» **PROBLEM DETAILS**: Reproduce the records below in their entirety, character for character.

[Dataset records]
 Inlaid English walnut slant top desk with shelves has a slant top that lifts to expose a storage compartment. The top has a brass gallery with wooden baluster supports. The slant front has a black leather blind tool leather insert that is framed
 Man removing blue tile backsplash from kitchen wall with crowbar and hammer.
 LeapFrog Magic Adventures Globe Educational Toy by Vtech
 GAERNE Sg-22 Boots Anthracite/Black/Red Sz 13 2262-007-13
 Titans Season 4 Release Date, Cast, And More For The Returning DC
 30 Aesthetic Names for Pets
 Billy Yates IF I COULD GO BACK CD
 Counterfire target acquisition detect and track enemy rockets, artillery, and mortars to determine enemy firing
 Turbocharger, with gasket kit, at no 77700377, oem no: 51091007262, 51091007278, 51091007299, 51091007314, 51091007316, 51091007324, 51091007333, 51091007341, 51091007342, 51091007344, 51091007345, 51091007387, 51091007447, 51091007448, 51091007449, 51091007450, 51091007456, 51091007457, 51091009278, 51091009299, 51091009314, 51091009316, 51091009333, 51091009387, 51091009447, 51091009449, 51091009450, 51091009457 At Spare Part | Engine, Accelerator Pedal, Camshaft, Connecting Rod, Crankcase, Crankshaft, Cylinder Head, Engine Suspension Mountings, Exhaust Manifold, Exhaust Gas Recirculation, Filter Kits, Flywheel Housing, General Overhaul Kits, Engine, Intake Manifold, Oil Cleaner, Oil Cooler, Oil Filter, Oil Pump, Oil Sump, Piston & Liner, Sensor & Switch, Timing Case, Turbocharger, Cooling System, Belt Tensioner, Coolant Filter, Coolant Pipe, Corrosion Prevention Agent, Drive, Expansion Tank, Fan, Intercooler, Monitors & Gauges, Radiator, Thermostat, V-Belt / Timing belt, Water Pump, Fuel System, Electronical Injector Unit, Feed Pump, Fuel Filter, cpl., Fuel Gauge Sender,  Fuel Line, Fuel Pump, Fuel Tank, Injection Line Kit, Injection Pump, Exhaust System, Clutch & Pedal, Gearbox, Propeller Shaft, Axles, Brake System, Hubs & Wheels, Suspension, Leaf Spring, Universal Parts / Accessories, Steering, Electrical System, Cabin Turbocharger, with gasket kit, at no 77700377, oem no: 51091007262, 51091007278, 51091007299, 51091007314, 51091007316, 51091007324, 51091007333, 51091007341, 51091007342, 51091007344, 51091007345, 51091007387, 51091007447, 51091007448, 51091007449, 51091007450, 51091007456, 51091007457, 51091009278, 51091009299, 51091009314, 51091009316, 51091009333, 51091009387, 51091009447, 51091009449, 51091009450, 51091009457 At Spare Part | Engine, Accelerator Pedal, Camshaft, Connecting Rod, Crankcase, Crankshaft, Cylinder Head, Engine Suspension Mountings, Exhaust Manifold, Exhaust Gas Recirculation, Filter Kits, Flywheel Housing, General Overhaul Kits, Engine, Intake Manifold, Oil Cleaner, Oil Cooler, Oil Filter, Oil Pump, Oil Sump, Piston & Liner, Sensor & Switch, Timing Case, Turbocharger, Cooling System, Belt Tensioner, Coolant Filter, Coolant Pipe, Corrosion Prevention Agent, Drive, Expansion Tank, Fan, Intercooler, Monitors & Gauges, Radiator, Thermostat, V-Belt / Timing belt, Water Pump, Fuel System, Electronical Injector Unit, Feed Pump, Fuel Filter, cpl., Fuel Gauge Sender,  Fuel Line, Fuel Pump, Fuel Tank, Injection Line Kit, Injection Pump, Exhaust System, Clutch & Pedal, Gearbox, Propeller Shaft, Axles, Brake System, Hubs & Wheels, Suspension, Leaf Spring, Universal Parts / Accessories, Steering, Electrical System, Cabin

» **ANSWER SPACE**:
 Inlaid English walnut slant top desk with shelves has a slant top that lifts to expose a storage compartment. The top has a brass gallery with wooden baluster supports. The slant front has a black leather blind tool leather insert that is framed
 Man removing blue tile backsplash from kitchen wall with crowbar and hammer.
 LeapFrog Magic Adventures Globe Educational Toy by Vtech
 GAERNE Sg-22 Boots Anthracite/Black/Red Sz 13 2262-007-13
 Titans Season 4 Release Date, Cast, And More For The Returning DC
 30 Aesthetic Names for Pets
 Billy Yates IF I COULD GO BACK CD
 Counterfire target acquisition detect and track enemy rockets, artillery, and mortars to determine enemy firing
 Turbocharger, with gasket kit, at no 77700377, oem no: 51091007262, 51091007278, 51091007299, 51091007314, 51091007316, 51091007324, 51091007333, 51091007341, 51091007342, 51091007344, 51091007345, 51091007387, 51091007447, 51091007448, 51091007449, 51091007450, 51091007456, 51091007457, 51091009278, 51091009299, 51091009314, 51091009316, 51091009333, 51091009387, 51091009447, 51091009449, 51091009450, 51091009457 At Spare Part | Engine, Accelerator Pedal, Camshaft, Connecting Rod, Crankcase, Crankshaft, Cylinder Head, Engine Suspension Mountings, Exhaust Manifold, Exhaust Gas Recirculation, Filter Kits, Flywheel Housing, General Overhaul Kits, Engine, Intake Manifold, Oil Cleaner, Oil Cooler, Oil Filter, Oil Pump, Oil Sump, Piston & Liner, Sensor & Switch, Timing Case, Turbocharger, Cooling System, Belt Tensioner, Coolant Filter, Coolant Pipe, Corrosion Prevention Agent, Drive, Expansion Tank, Fan, Intercooler, Monitors & Gauges, Radiator, Thermostat, V-Belt / Timing belt, Water Pump, Fuel System, Electronical Injector Unit, Feed Pump, Fuel Filter, cpl., Fuel Gauge Sender,  Fuel Line, Fuel Pump, Fuel Tank, Injection Line Kit, Injection Pump, Exhaust System, Clutch & Pedal, Gearbox, Propeller Shaft, Axles, Brake System, Hubs & Wheels, Suspension, Leaf Spring, Universal Parts / Accessories, Steering, Electrical System, Cabin Turbocharger, with gasket kit, at no 77700377, oem no: 51091007262, 51091007278, 51091007299, 51091007314, 51091007316, 51091007324, 51091007333, 51091007341, 51091007342, 51091007344, 51091007345, 51091007387, 51091007447, 51091007448, 51091007449, 51091007450, 51091007456, 51091007457, 51091009278, 51091009299, 51091009314, 51091009316, 51091009333, 51091009387, 51091009447, 51091009449, 51091009450, 51091009457 At Spare Part | Engine, Accelerator Pedal, Camshaft, Connecting Rod, Crankcase, Crankshaft, Cylinder Head, Engine Suspension Mountings, Exhaust Manifold, Exhaust Gas Recirculation, Filter Kits, Flywheel Housing, General Overhaul Kits, Engine, Intake Manifold, Oil Cleaner, Oil Cooler, Oil Filter, Oil Pump, Oil Sump, Piston & Liner, Sensor & Switch, Timing Case, Turbocharger, Cooling System, Belt Tensioner, Coolant Filter, Coolant Pipe, Corrosion Prevention Agent, Drive, Expansion Tank, Fan, Intercooler, Monitors & Gauges, Radiator, Thermostat, V-Belt / Timing belt, Water Pump, Fuel System, Electronical Injector Unit, Feed Pump, Fuel Filter, cpl., Fuel Gauge Sender,  Fuel Line, Fuel Pump, Fuel Tank, Injection Line Kit, Injection Pump, Exhaust System, Clutch & Pedal, Gearbox, Propeller Shaft, Axles, Brake System, Hubs & Wheels, Suspension, Leaf Spring, Universal Parts / Accessories, Steering, Electrical System, Cabin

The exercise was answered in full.